Let's describe it more precisely. Given a complex leftover placeholder, let's parse it manually to see what Blackhole see. Given: {...:{{name}={value}:p}{\t:s}>50s}.

Parameter Description
... Reserved placeholder name indicating for Blackhole that this is a leftover placeholder.
: Optional spec marker that is placed after placeholder name where you want to apply one of several extensions. There are pattern, separator, prefix, suffix and format extensions. All of them except format should be surrounded in curly braces.
{{name}={value}:p} Pattern extension that describes how each attribute should be formatted using typical Blackhole notation. The suffix :p, that is required for extension identification, means pattern. Inside this pattern you can write any pattern you like using two available sub-placeholders for attribute name and value, for each of them a format spec can be applied using cppformat grammar. At last a format spec can be also applied to the entire placeholder, i.e. :>50p for example.
{\t:s} Separator extension for configuring each key-value pair separation. Nuff said.
{[:r} (Not implemented yet). Prefix extension that is prepended before entire result if it is not empty.
{]:u} (Not implemented yet). Suffix extension that is appended after entire result if it is not empty.

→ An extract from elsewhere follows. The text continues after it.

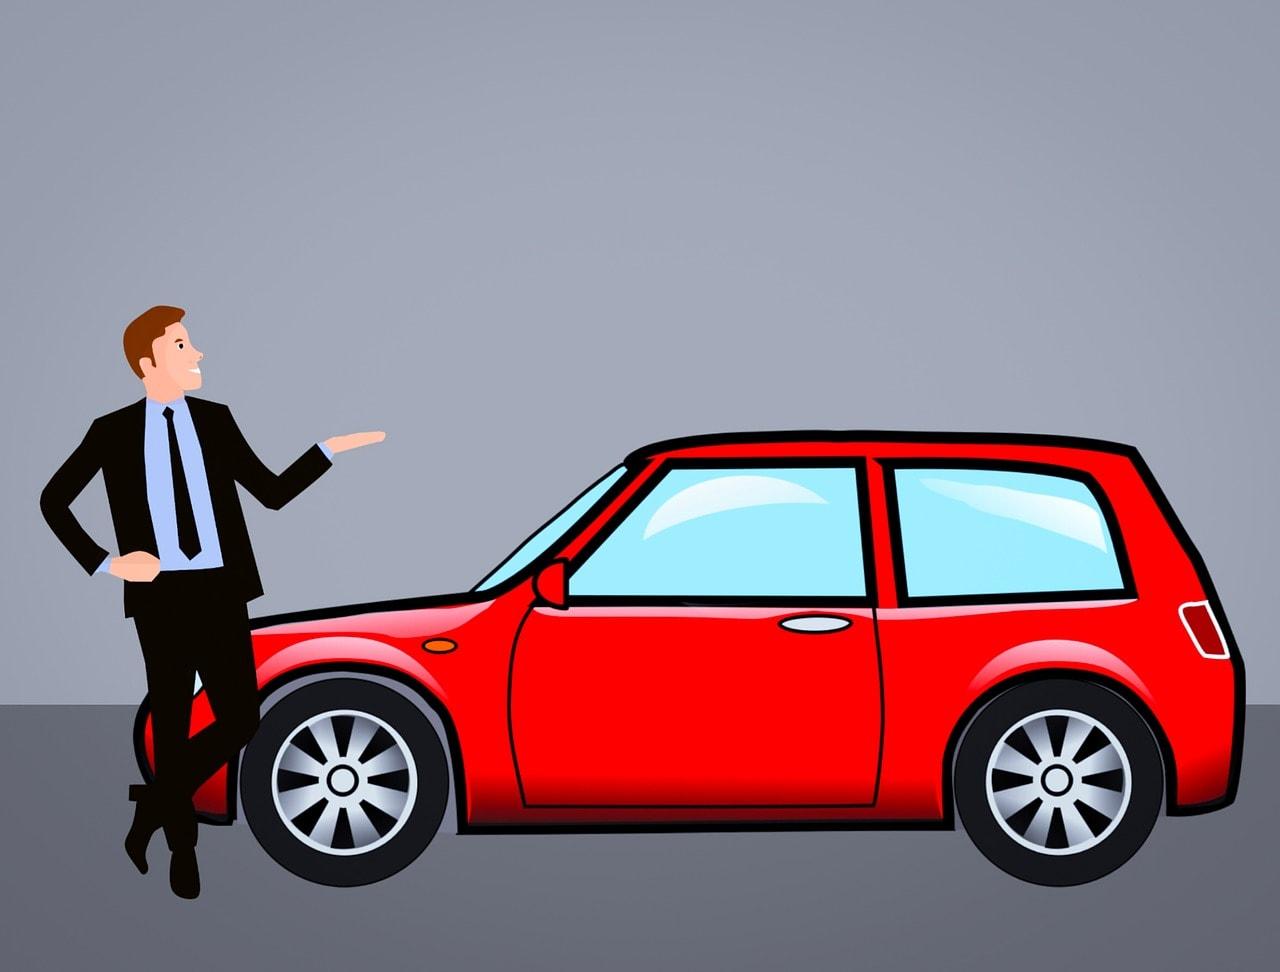 Choosing Your Next Vehicle

50s | Entire result format. See cppformat rules for specification.

JSON.

JSON formatter provides an ability to format a logging record into a structured JSON tree with attribute handling features, like renaming, routing, mutating and much more.

Briefly using JSON formatter allows to build fully dynamic JSON trees for its further processing with various external tools, like logstash or rsyslog lefting it, however, in a human-readable manner.

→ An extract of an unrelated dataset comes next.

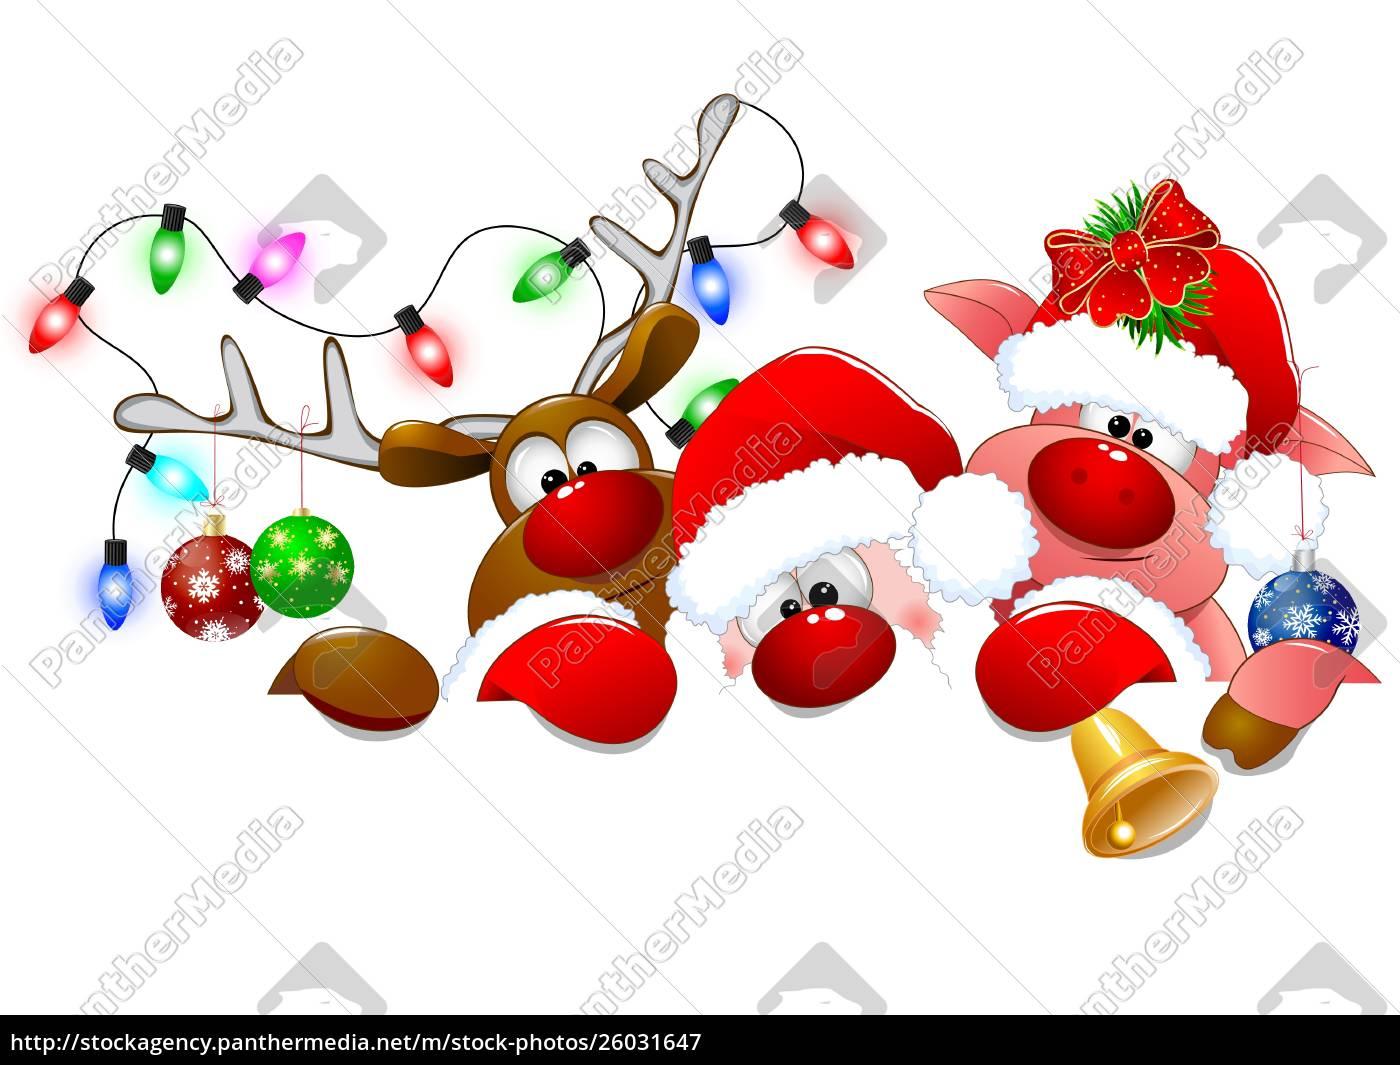 santa, claus, , deer, and, piglet, 1 - 26031647

Blackhole allows you to control of JSON tree building process using several predefined options.

Without options it will produce just a plain tree with zero level depth. For example for a log record with a severity of 3, message "fatal error, please try again" and a pair of attributes {"key": 42, "ip": "[::]"} the result string will look like:

{
    "message": "fatal error, please try again",
    "severity": 3,
    "timestamp": 1449859055,
    "process": 12345,
    "thread": 57005,
    "key": 42,
    "ip": "[::]"
}

Using configuration parameters for this formatter you can:

Attributes renaming acts so much transparently as it appears: it just renames the given attribute name using the specified alternative.

Attributes routing specifies a location where the listed attributes will be placed at the tree construction. Also you can specify a default location for all attributes, which is "/" meaning root otherwise.

For example with routing {"/fields": ["message", "severity"]} and "/" as a default pointer the mentioned JSON will look like:

{
    "fields": {
        "message": "fatal error, please try again",
        "severity": 3
    },
    "timestamp": 1449859055,
    "process": 12345,
    "thread": 57005,
    "key": 42,
    "ip": "[::]"
}

Attribute renaming occurs after routing, so mapping "message" => "#message" just replaces the old name with its new alternative.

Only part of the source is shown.